W tej sytuacji pracodawcy dopuszczają możliwość zwiększenia podstawy do piętnastokrotności wynagrodzenia minimalnego. Mogą nie mieć wyjścia, gdyż koalicja nie poprze rozwiązań, które uszczuplą dochody państwa.
Drugim postulatem firm, który ma trafić do Sejmu, jest wydłużenie vacatio legis omawianych zmian z trzech miesięcy do roku. Propozycja, choć zgłaszana od dawna, będzie trudna do zrealizowania wobec założonych przychodów.

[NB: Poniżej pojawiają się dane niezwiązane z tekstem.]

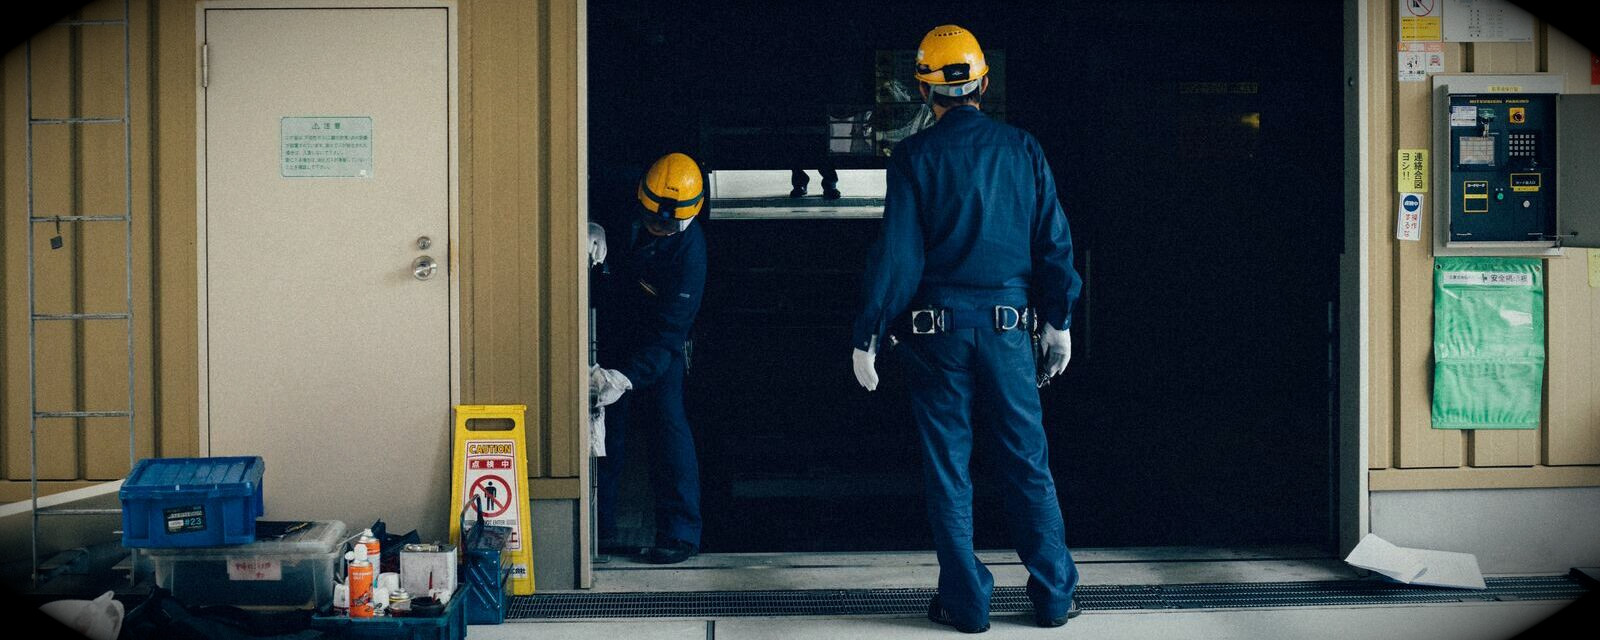 Außendienstarbeiter mit blauem Overall und gelben Helm

– W tej sytuacji zleceniodawcy będą szukać oszczędności na kosztach pracy. Skończy się to obniżeniem wynagrodzenia albo zwolnieniami. Bardzo chętnie usłyszę od ministra Kamysza, jakie koszty dla rynku pracy spowoduje oskładkowanie zleceń w przedstawionym kształcie – mówi Marek Kowalski, ekspert PKPP Lewiatan.
– Trzy miesiące na dostosowanie się do nowych przepisów oznacza, że więcej trzeba będzie płacić już od października. To problem dla wielu firm, które mają długoterminowe kontrakty, np. na ochronę obiektów wojskowych – przestrzega Sławomir Wagner, prezes Polskiej Izby Ochrony.